*What to produce*.
Find the line containing "Holidays to Walt Disney World Resort Image" in the entries below. Reproduce that line and each one after it to the end, exactly, with no other lines.

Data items
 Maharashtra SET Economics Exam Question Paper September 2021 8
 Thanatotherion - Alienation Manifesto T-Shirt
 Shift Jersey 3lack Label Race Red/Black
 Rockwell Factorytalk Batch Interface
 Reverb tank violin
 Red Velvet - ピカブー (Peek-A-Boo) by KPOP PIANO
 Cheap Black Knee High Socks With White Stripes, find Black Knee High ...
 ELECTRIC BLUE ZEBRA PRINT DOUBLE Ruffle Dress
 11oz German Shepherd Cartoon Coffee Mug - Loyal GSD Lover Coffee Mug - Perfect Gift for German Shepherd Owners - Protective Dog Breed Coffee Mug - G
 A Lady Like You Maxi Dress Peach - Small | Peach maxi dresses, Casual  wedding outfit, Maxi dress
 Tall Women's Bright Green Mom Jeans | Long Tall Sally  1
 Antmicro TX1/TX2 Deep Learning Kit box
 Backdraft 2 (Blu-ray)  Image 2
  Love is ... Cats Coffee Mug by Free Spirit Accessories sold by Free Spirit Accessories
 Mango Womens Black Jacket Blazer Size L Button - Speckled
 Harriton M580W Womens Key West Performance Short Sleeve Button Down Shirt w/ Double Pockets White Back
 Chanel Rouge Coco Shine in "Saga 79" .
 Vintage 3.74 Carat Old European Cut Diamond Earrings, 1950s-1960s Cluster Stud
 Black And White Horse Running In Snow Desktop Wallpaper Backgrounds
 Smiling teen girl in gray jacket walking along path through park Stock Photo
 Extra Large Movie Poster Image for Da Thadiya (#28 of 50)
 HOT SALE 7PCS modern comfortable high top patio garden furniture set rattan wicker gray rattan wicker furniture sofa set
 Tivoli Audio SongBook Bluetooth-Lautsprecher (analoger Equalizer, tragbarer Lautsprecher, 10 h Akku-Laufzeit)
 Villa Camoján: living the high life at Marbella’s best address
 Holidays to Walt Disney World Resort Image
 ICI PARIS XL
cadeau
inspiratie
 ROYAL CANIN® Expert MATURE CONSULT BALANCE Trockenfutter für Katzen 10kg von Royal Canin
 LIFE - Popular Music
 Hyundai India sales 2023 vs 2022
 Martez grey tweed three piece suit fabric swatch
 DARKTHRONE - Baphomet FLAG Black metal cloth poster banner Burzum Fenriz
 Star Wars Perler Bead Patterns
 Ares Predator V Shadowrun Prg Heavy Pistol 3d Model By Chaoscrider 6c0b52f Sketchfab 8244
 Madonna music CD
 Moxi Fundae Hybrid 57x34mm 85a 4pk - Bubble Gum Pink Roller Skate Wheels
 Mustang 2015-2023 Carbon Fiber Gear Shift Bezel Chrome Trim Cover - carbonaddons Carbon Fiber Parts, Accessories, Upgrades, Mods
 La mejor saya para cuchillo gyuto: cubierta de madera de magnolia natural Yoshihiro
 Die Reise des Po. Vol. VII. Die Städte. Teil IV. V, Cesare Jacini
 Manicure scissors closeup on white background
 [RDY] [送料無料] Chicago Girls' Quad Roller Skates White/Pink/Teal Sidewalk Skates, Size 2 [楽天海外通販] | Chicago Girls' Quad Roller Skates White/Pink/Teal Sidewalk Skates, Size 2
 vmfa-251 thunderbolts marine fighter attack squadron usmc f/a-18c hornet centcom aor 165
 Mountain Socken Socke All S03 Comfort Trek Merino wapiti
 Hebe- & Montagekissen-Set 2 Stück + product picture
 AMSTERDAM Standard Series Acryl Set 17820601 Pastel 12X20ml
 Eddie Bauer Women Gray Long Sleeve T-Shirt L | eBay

*Solution to the exercise*.
 Holidays to Walt Disney World Resort Image
 ICI PARIS XL
cadeau
inspiratie
 ROYAL CANIN® Expert MATURE CONSULT BALANCE Trockenfutter für Katzen 10kg von Royal Canin
 LIFE - Popular Music
 Hyundai India sales 2023 vs 2022
 Martez grey tweed three piece suit fabric swatch
 DARKTHRONE - Baphomet FLAG Black metal cloth poster banner Burzum Fenriz
 Star Wars Perler Bead Patterns
 Ares Predator V Shadowrun Prg Heavy Pistol 3d Model By Chaoscrider 6c0b52f Sketchfab 8244
 Madonna music CD
 Moxi Fundae Hybrid 57x34mm 85a 4pk - Bubble Gum Pink Roller Skate Wheels
 Mustang 2015-2023 Carbon Fiber Gear Shift Bezel Chrome Trim Cover - carbonaddons Carbon Fiber Parts, Accessories, Upgrades, Mods
 La mejor saya para cuchillo gyuto: cubierta de madera de magnolia natural Yoshihiro
 Die Reise des Po. Vol. VII. Die Städte. Teil IV. V, Cesare Jacini
 Manicure scissors closeup on white background
 [RDY] [送料無料] Chicago Girls' Quad Roller Skates White/Pink/Teal Sidewalk Skates, Size 2 [楽天海外通販] | Chicago Girls' Quad Roller Skates White/Pink/Teal Sidewalk Skates, Size 2
 vmfa-251 thunderbolts marine fighter attack squadron usmc f/a-18c hornet centcom aor 165
 Mountain Socken Socke All S03 Comfort Trek Merino wapiti
 Hebe- & Montagekissen-Set 2 Stück + product picture
 AMSTERDAM Standard Series Acryl Set 17820601 Pastel 12X20ml
 Eddie Bauer Women Gray Long Sleeve T-Shirt L | eBay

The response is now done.